__Given material__.
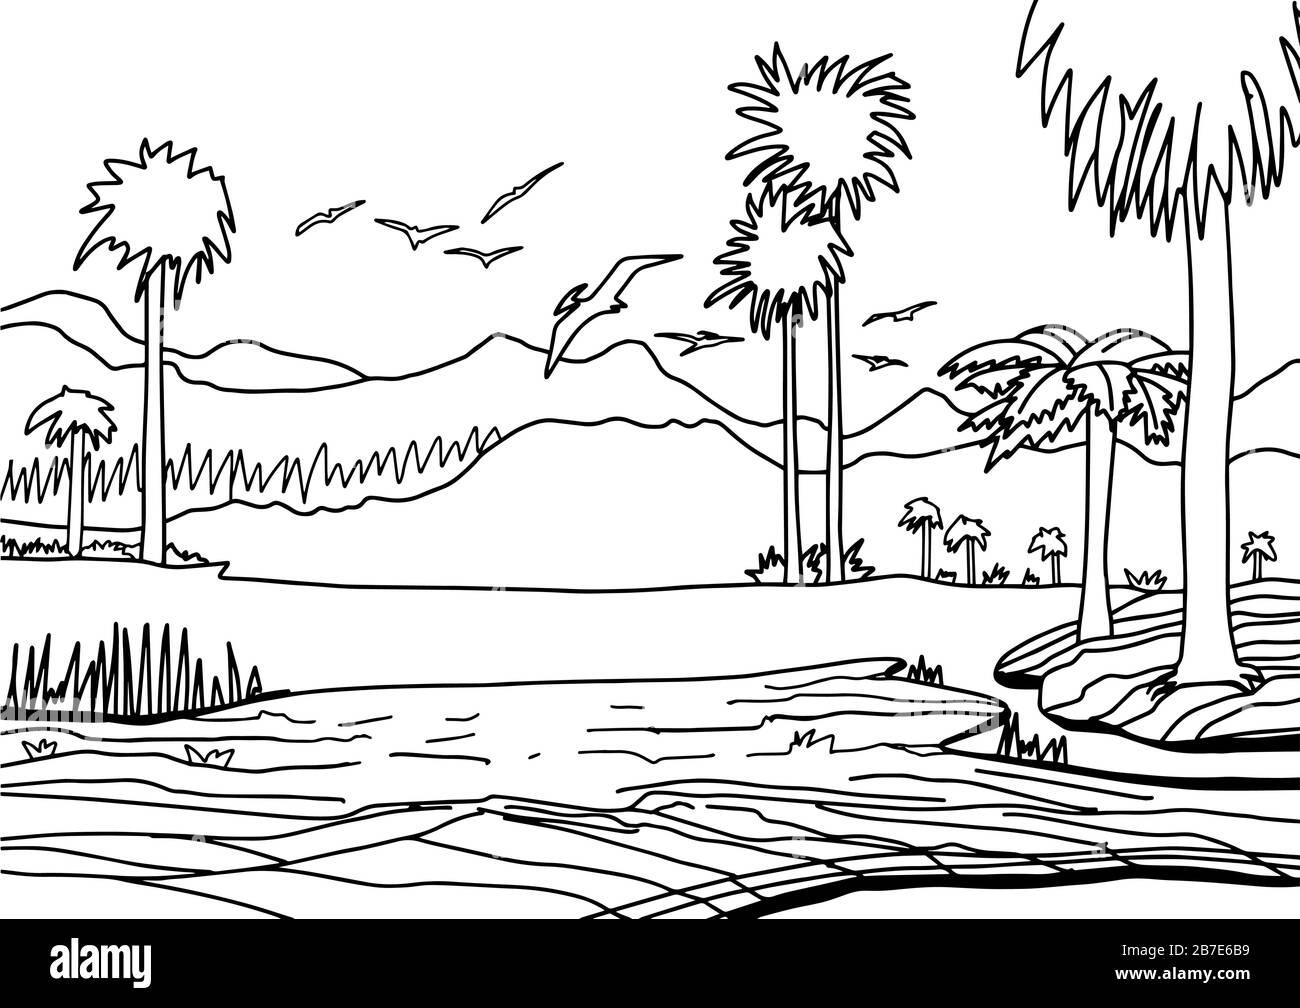 Dibujo Prehistoria Para Colorear Imagenes De Stock Dibujo
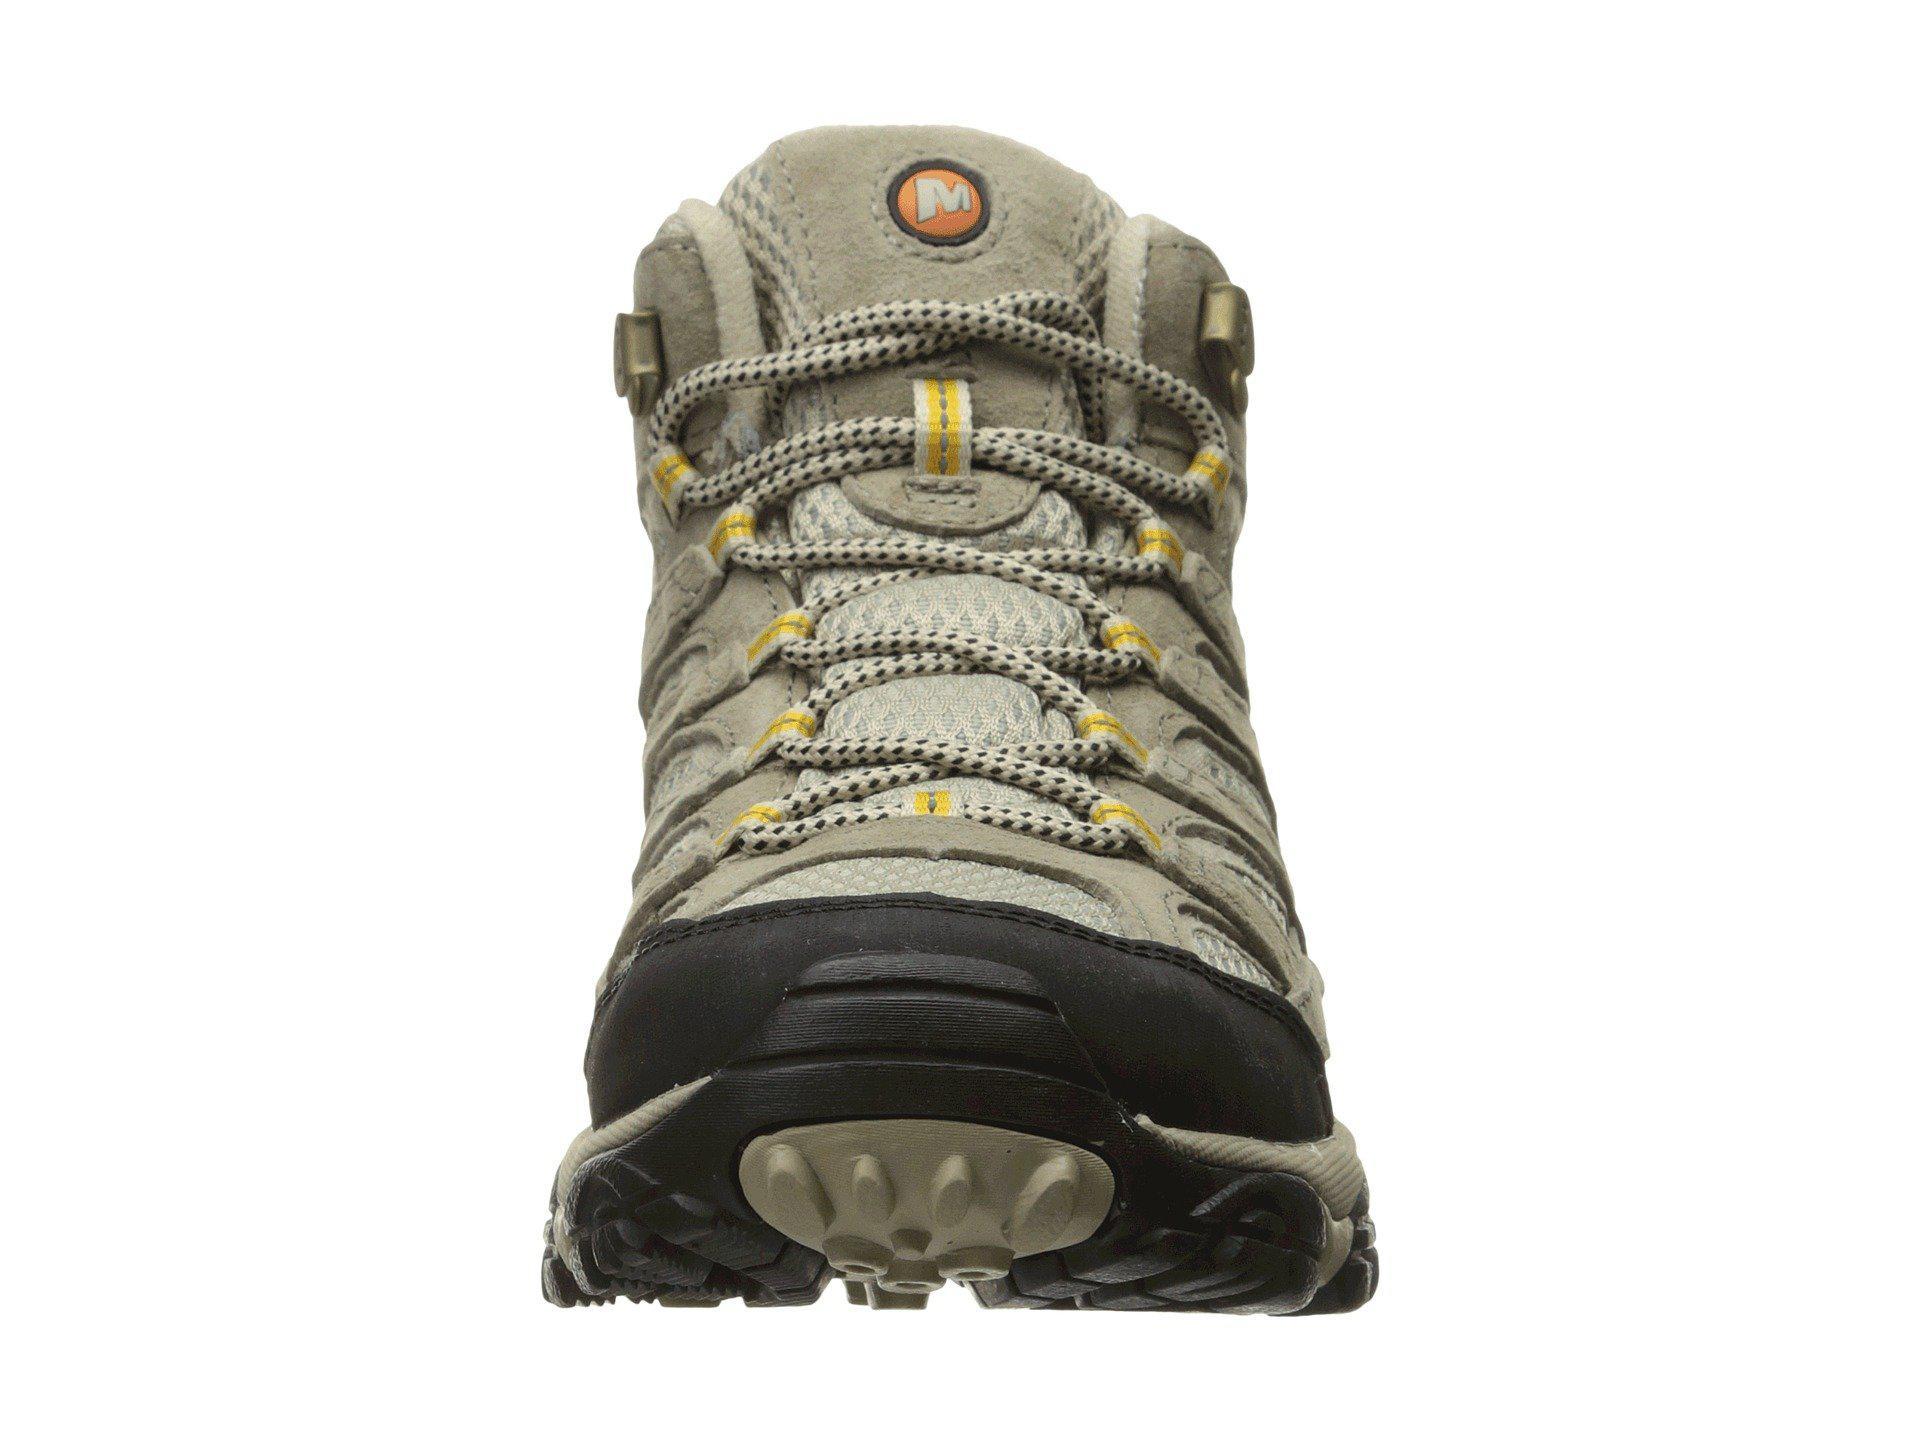 c18b687ca74 Merrell - Multicolor Moab 2 Vent Mid (bracken purple) Women s Shoes for  Men. View fullscreen
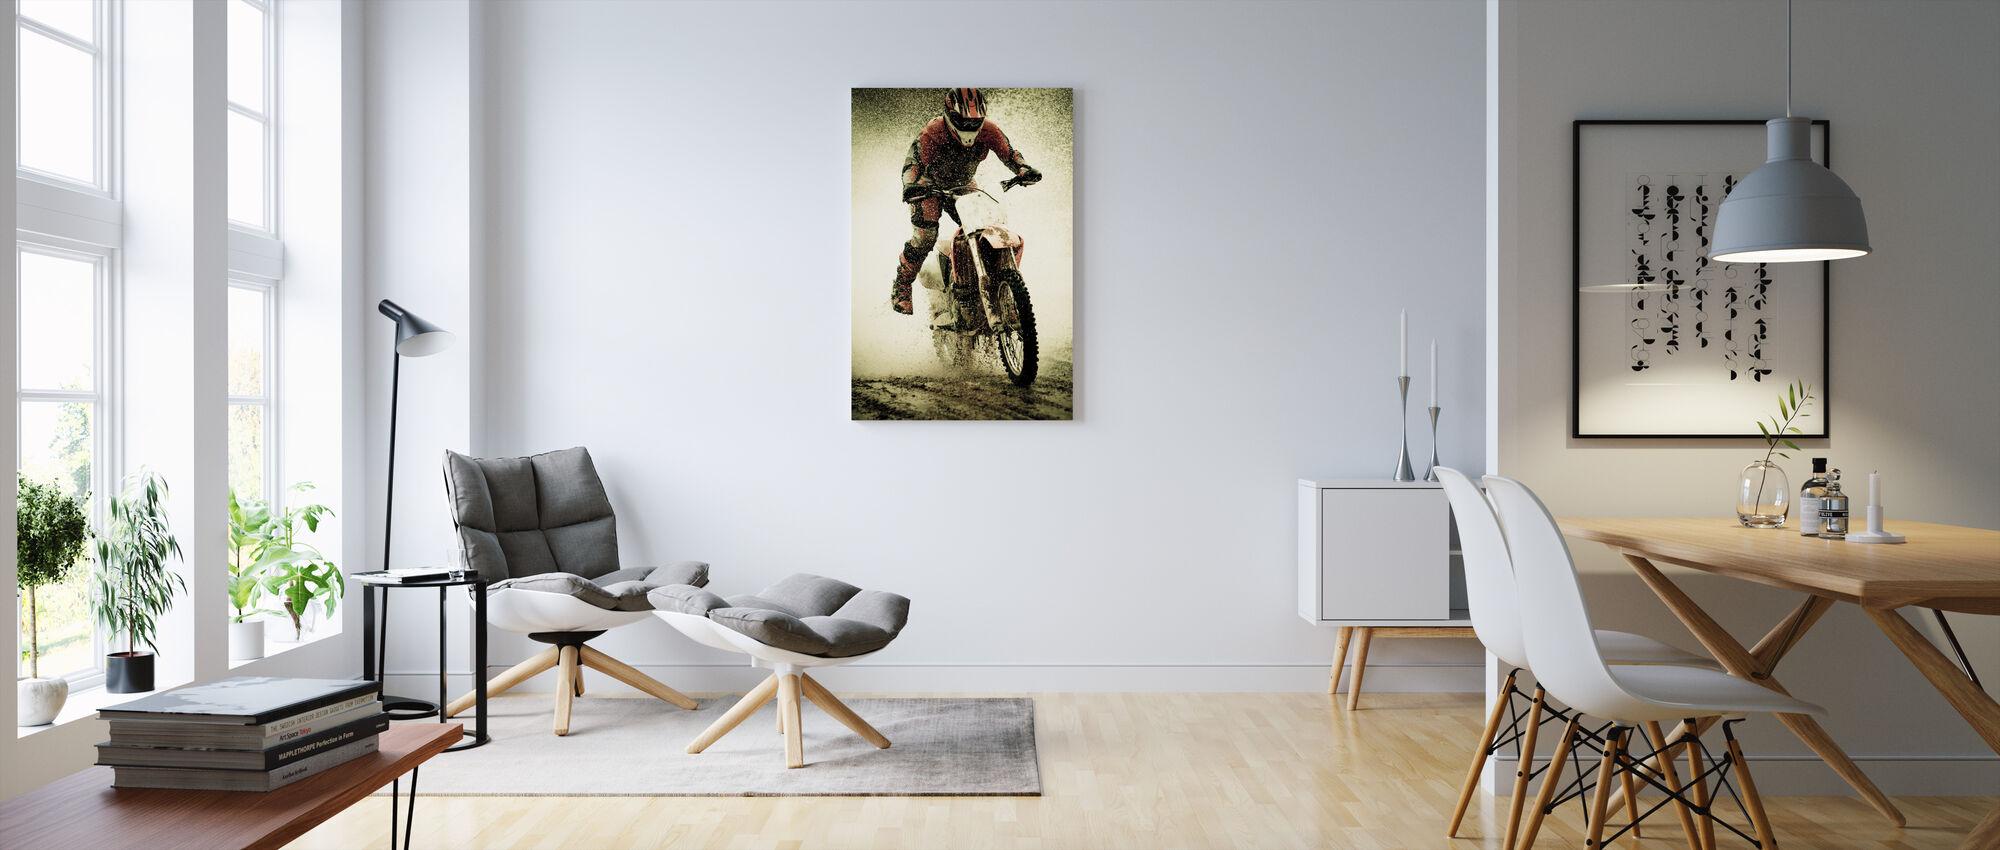 Motocross - Canvastaulu - Olohuone

__Task instructions__. Any picture in the data is to be skipped, while each line is returned exactly as written.

__Written response__.
 Dibujo Prehistoria Para Colorear Imagenes De Stock Dibujo
 c18b687ca74 Merrell - Multicolor Moab 2 Vent Mid (bracken purple) Women s Shoes for  Men. View fullscreen
 Motocross - Canvastaulu - Olohuone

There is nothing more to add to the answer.